Mobilising the force of human goodness

IN THREE or four minutes, Thomas Hamilton committed an obscenity which has shocked Scotland, Britain, Ireland and the wider international…

IN THREE or four minutes, Thomas Hamilton committed an obscenity which has shocked Scotland, Britain, Ireland and the wider international community. Death blows a hole in what we normally know and take for granted as human reality.

But the pursuit and killing of young children and their teacher is at such an extreme that it is radically unspeakable and unimaginable. This absolute, sudden and enormous presence of the total deadness of death in the centre of a quiet country community like Dunblane is complete in itself. Silence and desolation.

A sense of this was indicated by the courage of both the Secretary of State for Scotland, Mr Michael Forsyth and his Labour Party shadow, Mr George Robertson, when in the town itself they refused to be drawn into arguments about gun laws and potential psychopaths.
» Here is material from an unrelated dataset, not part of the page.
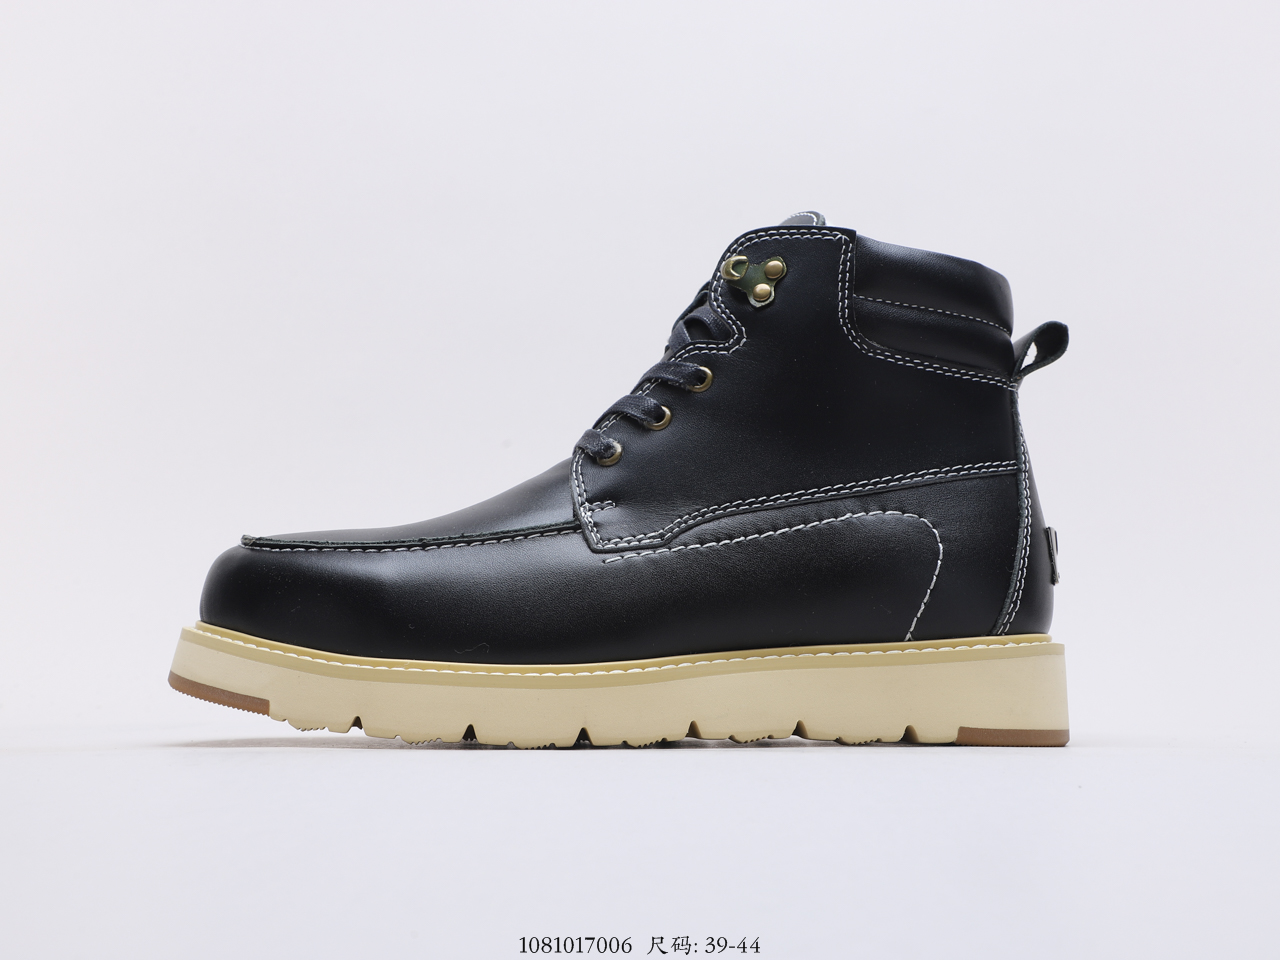 UGG Man's 2020冬季新品海报款马丁靴 正品代工厂订单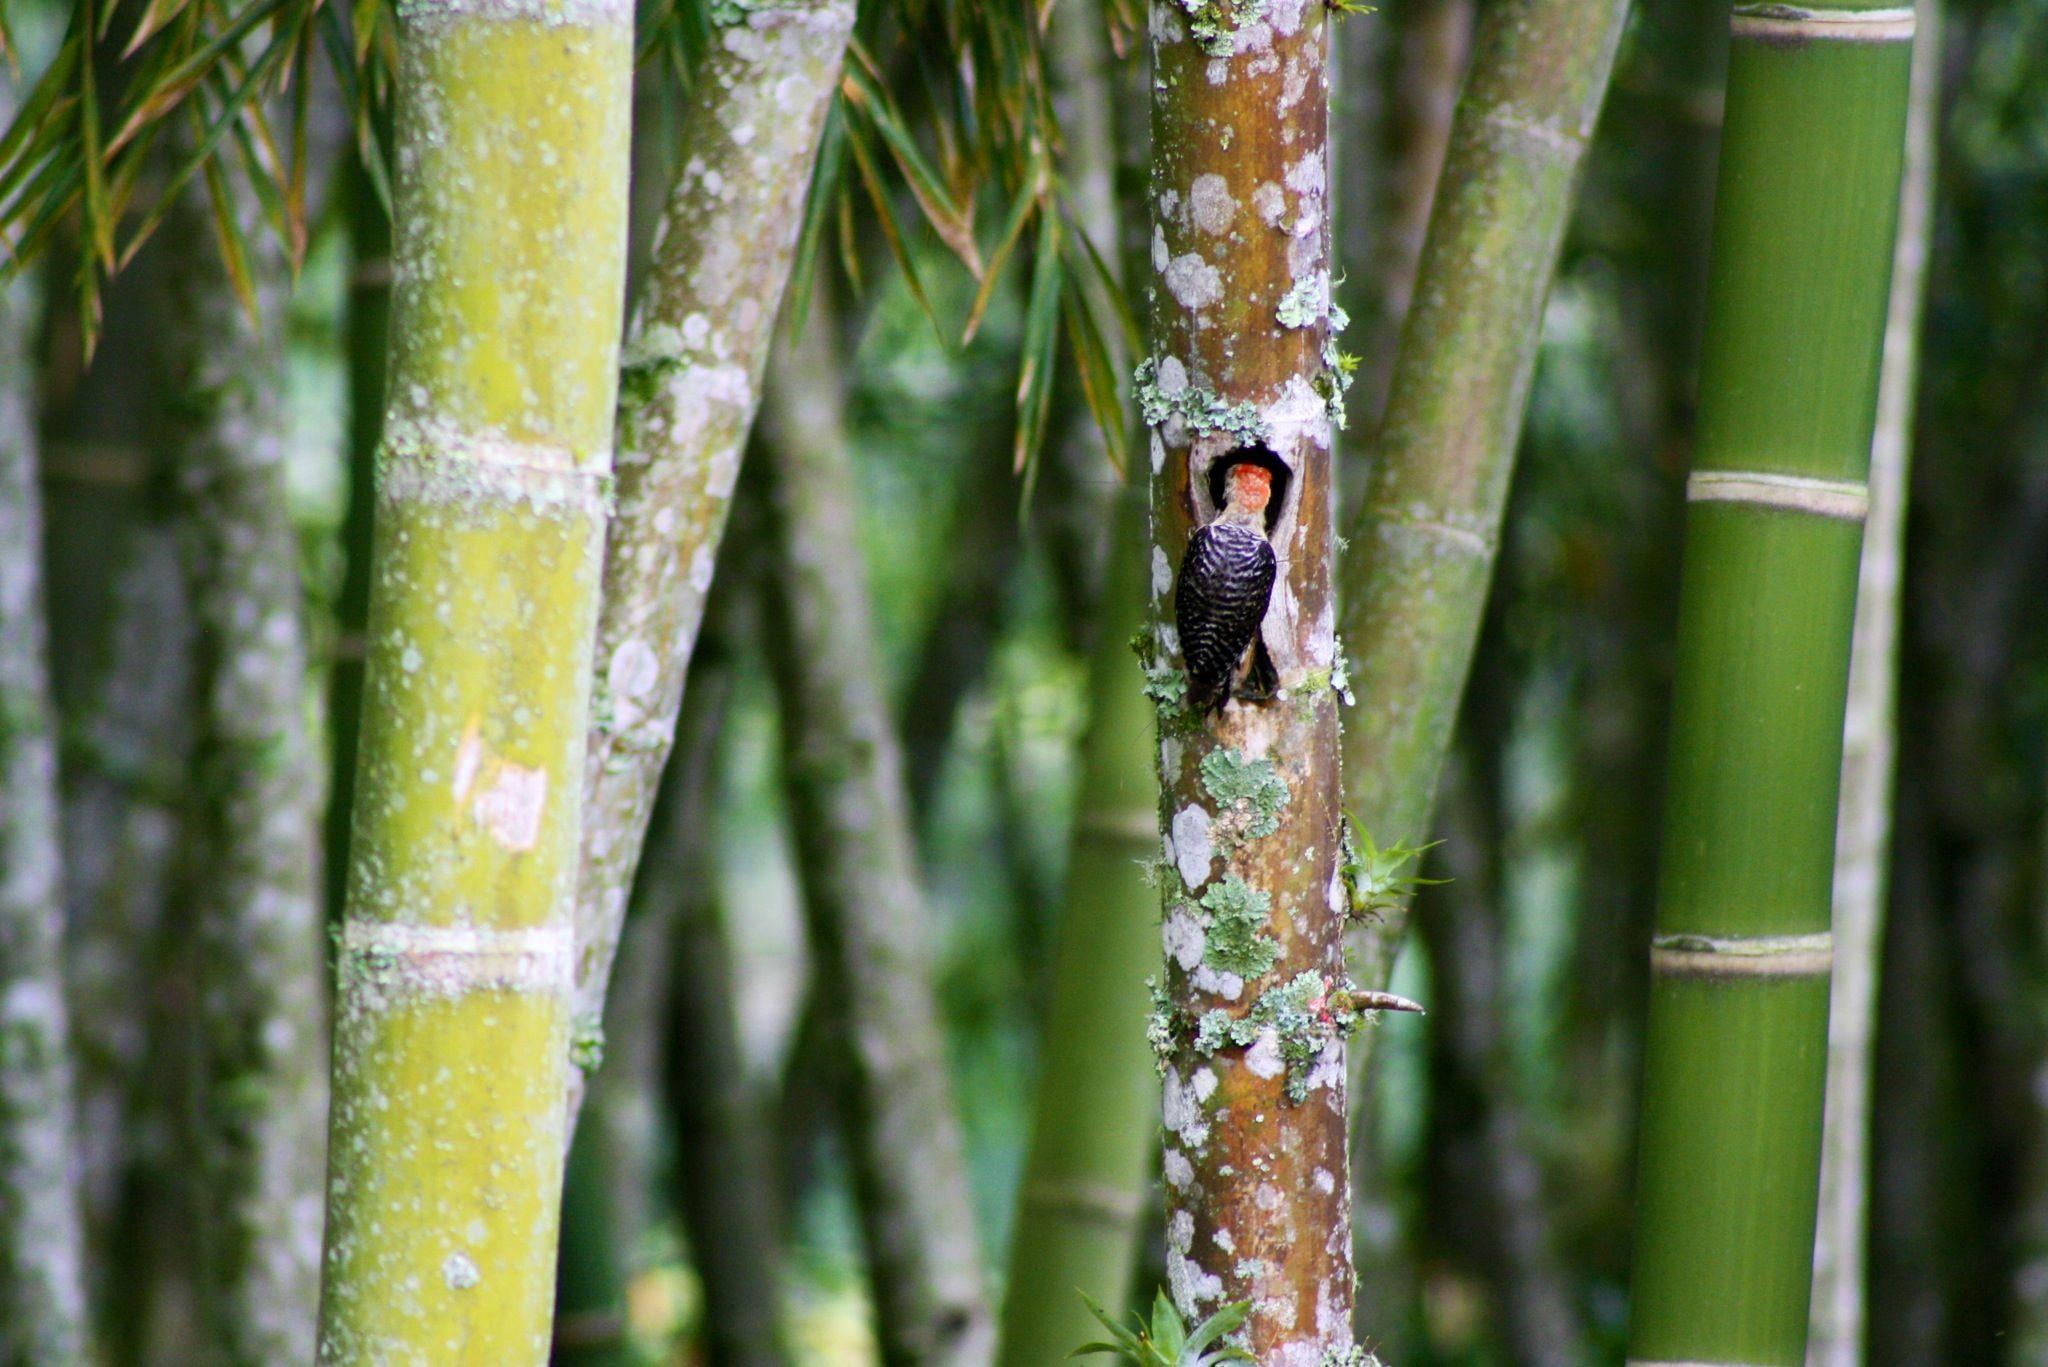 Woodpecker in bamboo

This is always our first impulse, those of us who are some distance away from the rim of the hole of reality, to talk to talk excessively. That same evening the media was talking trying to find reasons: Hamilton was "odd", "weird"; he had been dismissed by the Scout Association for what was regarded as "improper behaviour" around young boys; there had been complaints, he was a loner.

READ MORE

All this in a vain attempt to fill the hole. Talk and images of the disaster to fill in the hole for those of us on the periphery: four pictures in The Irish Times, many column inches, comparisons with Aberfan, Hungerford, Lockerbie. How did they manage to take those pictures? The cameramen moving in the silence trying to capture pictures of children as they fleetingly came into view along the empty forlorn streets.

With dignity, community leaders politely asked the world's media not to attempt to interview any of the parents. So anxious are we to fill the hole with information, talk, comparison and images that virtually no time can elapse for silence, what Frank Millar reported as "terrible silence". The hole must not be left as a hole. There is always this sense implied: what can we learn from this? Let us recover the abysss with information, with reconstruction. How can the children be helped? How can the parents be helped to recover, to heal? For the media it is a story competing with other stories, entertainment and commercials.

But the story has at least one good effect. It mobilises the sheer force of human goodness in the shape of flowers, prayers, money, offers of help, gestures of solidarity.

I remember hearing of the death of a teenage boy in southern Crete in an accident. This death was marked by a ban on music in the town for two years. In Dunblane, the cathedral is open for the same silence.